La ferita sembrava leggera, ma subentrò un’infezione che aggravò progressivamente l’infermità del malato. In breve, le condizioni di Goffredo Mameli peggiorarono e per evitare la cancrena, gli fu amputata la gamba. Lo stesso Giuseppe Mazzini – l’uomo più ricercato dalle polizie degli Stati reazionari d’Europa – non fuggì da una Roma assediata e riconquistata dai francesi. Per molti giorni, all’ospedale dei Pellegrini, vegliò Goffredo Mameli che, a 22 anni non ancora compiuti, stava morendo, recitando versi in delirio.

Nel 1946, con la nascita della Repubblica Italiana, si decise che “provvisoriamente” la musica del giovane eroe genovese poteva essere adottata come inno Nazionale. «Su proposta del Ministro della Guerra – si legge nel verbale di seduta del Consiglio dei Ministri presieduto da Alcide De Gasperi – si è stabilito che il giuramento delle Forze Armate alla Repubblica e al suo Capo si effettui il 4 novembre e che, provvisoriamente, si adotti come inno nazionale l’inno di Mameli».
Siamo oramai ai giorni nostri, quando con la legge n. 181 del 4 dicembre 2017, dal titolo “Riconoscimento del «Canto degli italiani» di Goffredo Mameli quale inno Nazionale della Repubblica”, l’inno di Mameli viene riconosciuto dallo Stato Italiano come inno Nazionale. Il primo comma dell’art.1 recita: «1. La Repubblica riconosce il testo del «Canto degli italiani» di Goffredo Mameli e lo spartito musicale originale di Michele Novaro quale proprio inno Nazionale».
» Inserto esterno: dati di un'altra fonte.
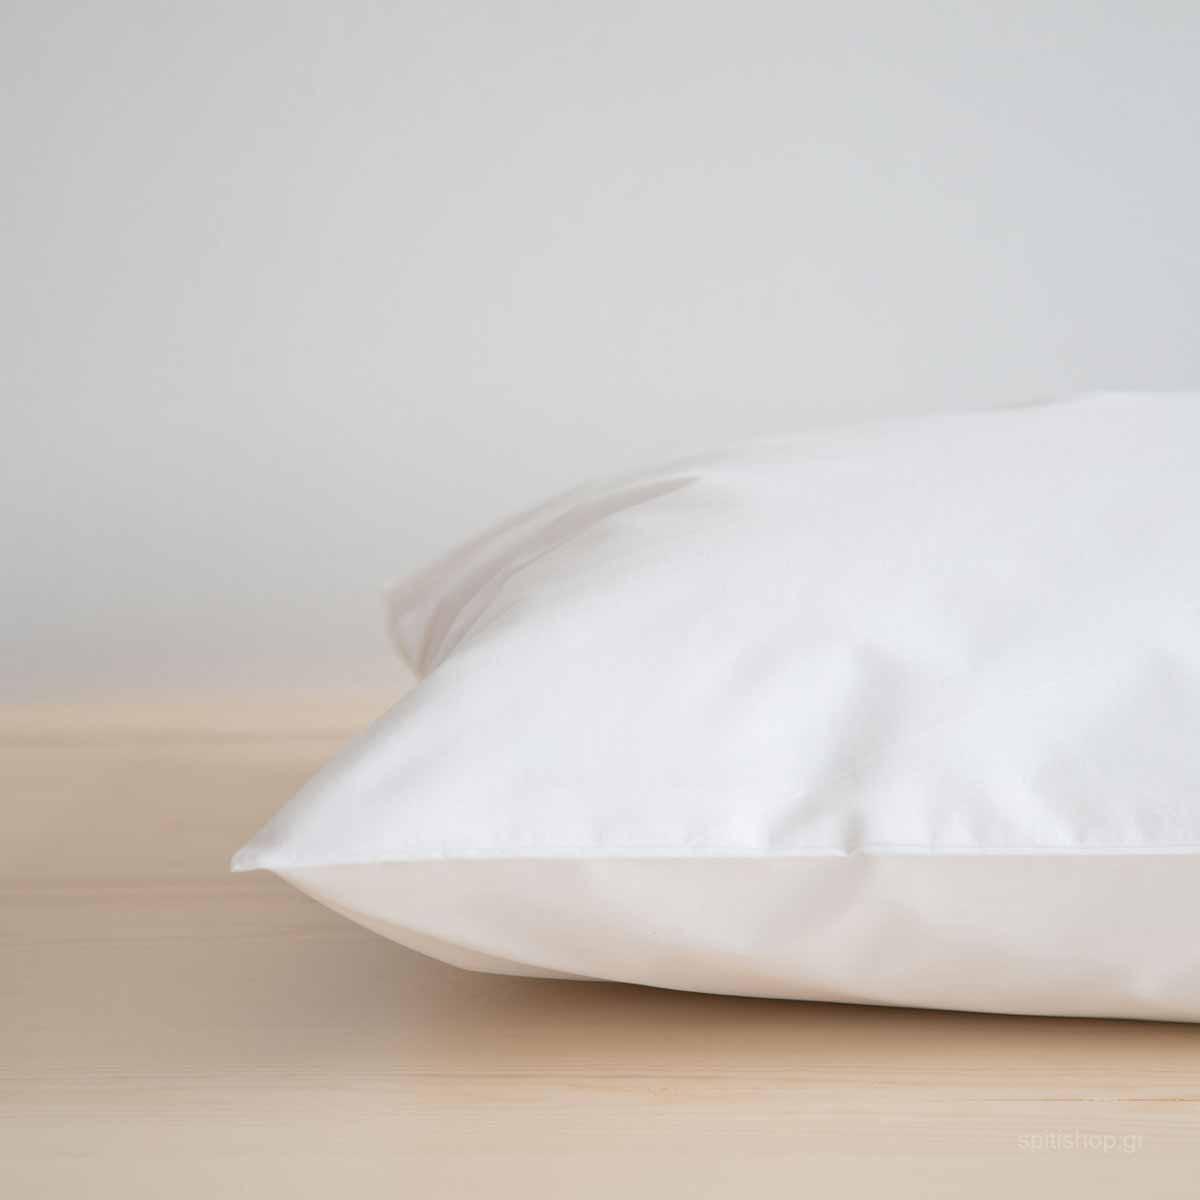 Σεντόνι Ημίδιπλο Με Λάστιχο Nima Bed Linen Unicolors
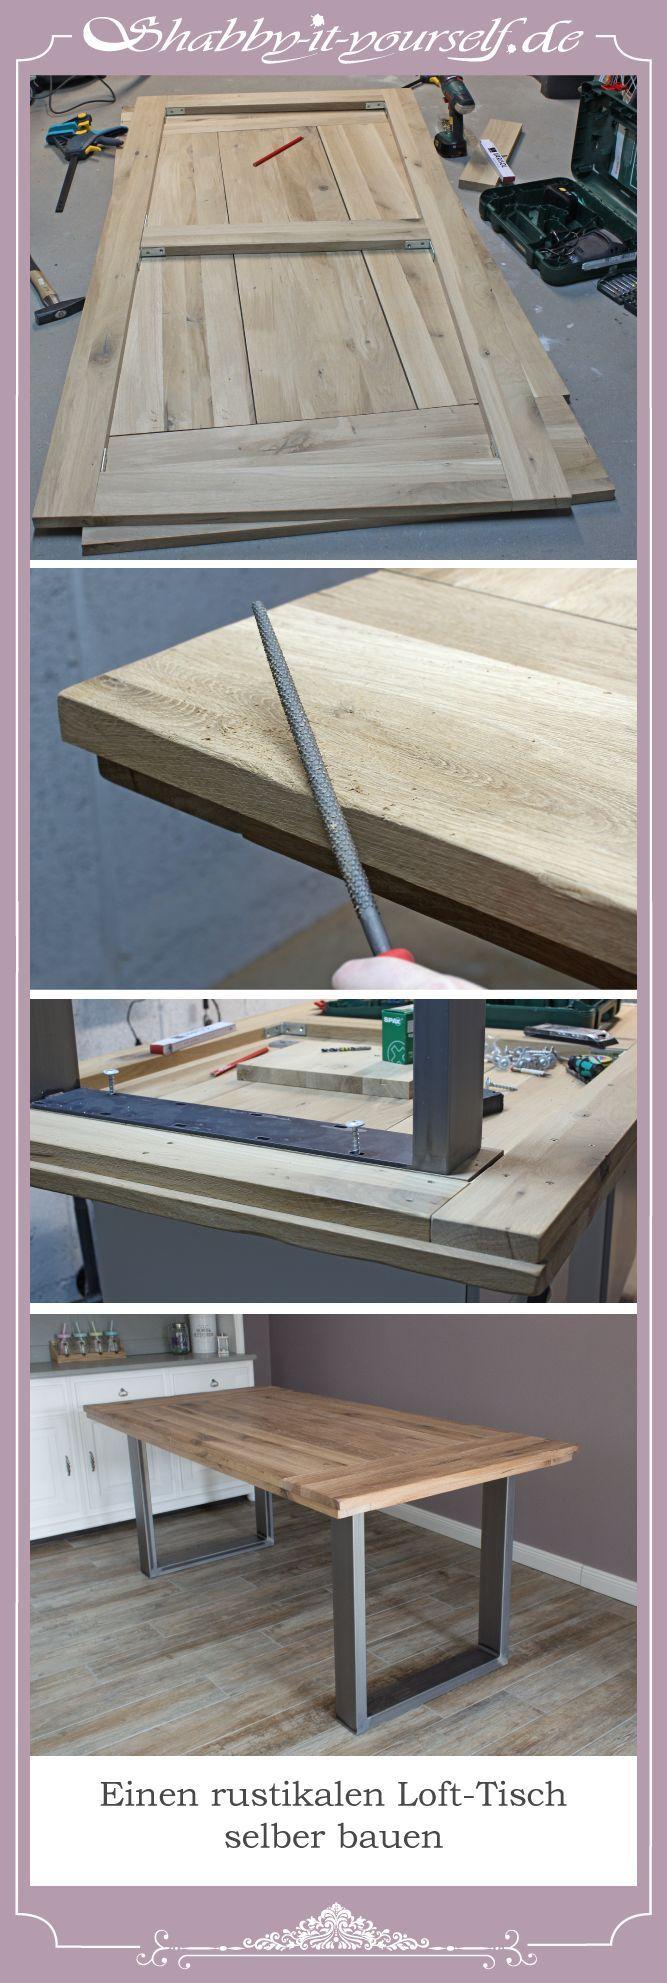 Einen rustikalen Loft-Tisch selber bauen – So geht's

Come sottolineato dal nostro Presidente Sergio Mattarella, vi è una evidente continuità e un nesso ideale che lega il Risorgimento alla Resistenza, alla Repubblica, ai valori sanciti nella nostra Carta Costituzionale.

Ecco. Con questi pensieri rivolti al passato, celebriamo oggi, in piena emergenza epidemiologica, i 160 anni dell’Unità d’Italia, proiettandoci con fiducia al futuro. I grandi del Risorgimento non fecero sogni di conquista. Essi sognarono l’unità e la libertà d’Italia, e l’indipendenza di tutti i popoli. Continuiamo oggi a guardare lontano, con lo stesso animo, come hanno fatto gli uomini del nostro Risorgimento.

Evviva il 17 marzo 1861, evviva l’Italia!